-- DATA FOR PROCESSING --
=====

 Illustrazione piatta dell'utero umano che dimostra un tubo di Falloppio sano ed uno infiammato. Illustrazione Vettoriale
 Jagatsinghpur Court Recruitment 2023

=====

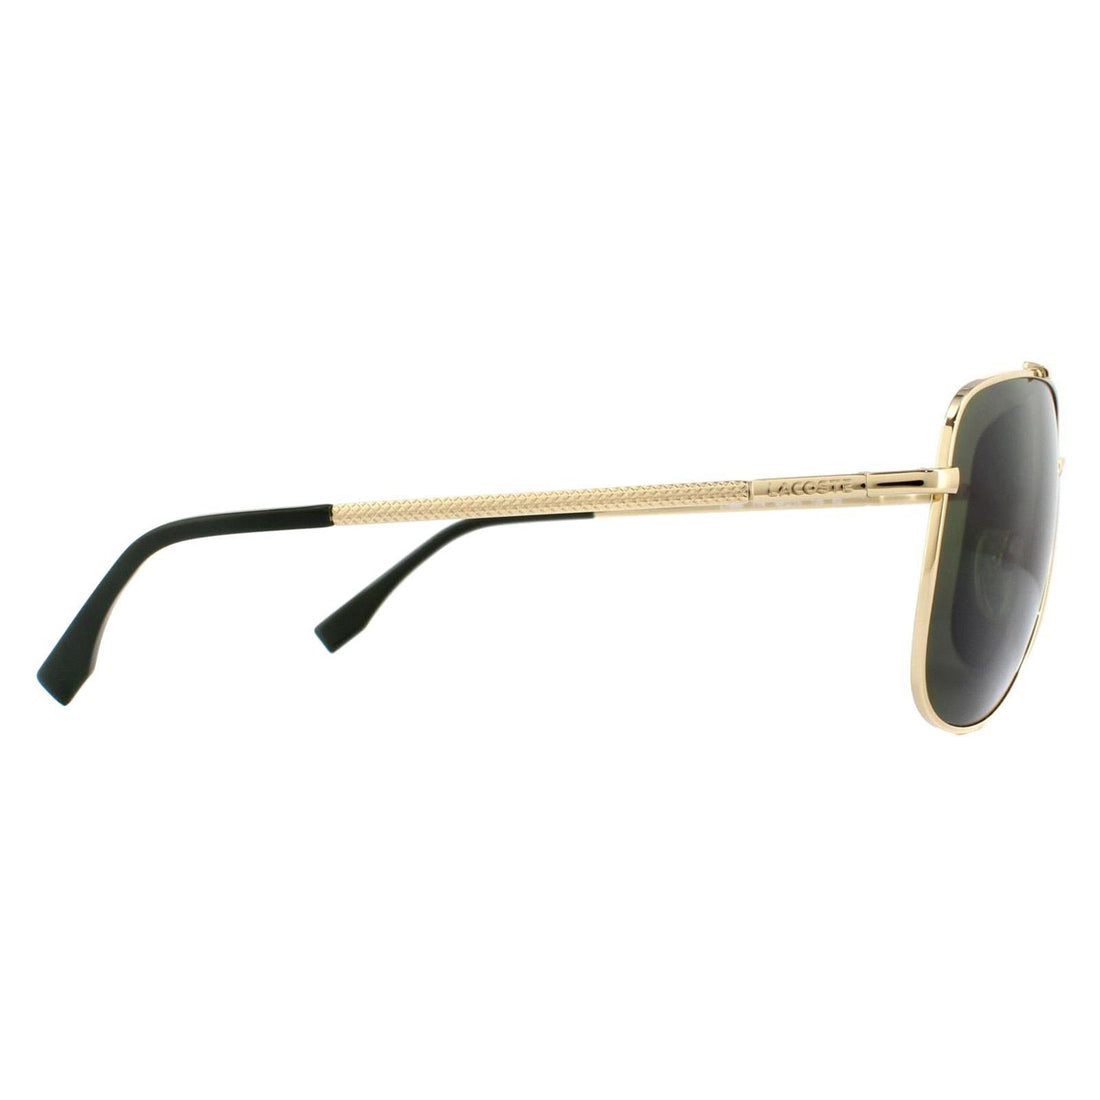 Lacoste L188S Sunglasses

=====

-- WORK REQUIRED --
Repeat word for word the lines above that run from the line containing "Illustrazione piatta dell'utero" through the line containing "Jagatsinghpur Court Recruitment 2023", both ends included, and nothing else.

-- EXERCISE RESPONSE --
 Illustrazione piatta dell'utero umano che dimostra un tubo di Falloppio sano ed uno infiammato. Illustrazione Vettoriale
 Jagatsinghpur Court Recruitment 2023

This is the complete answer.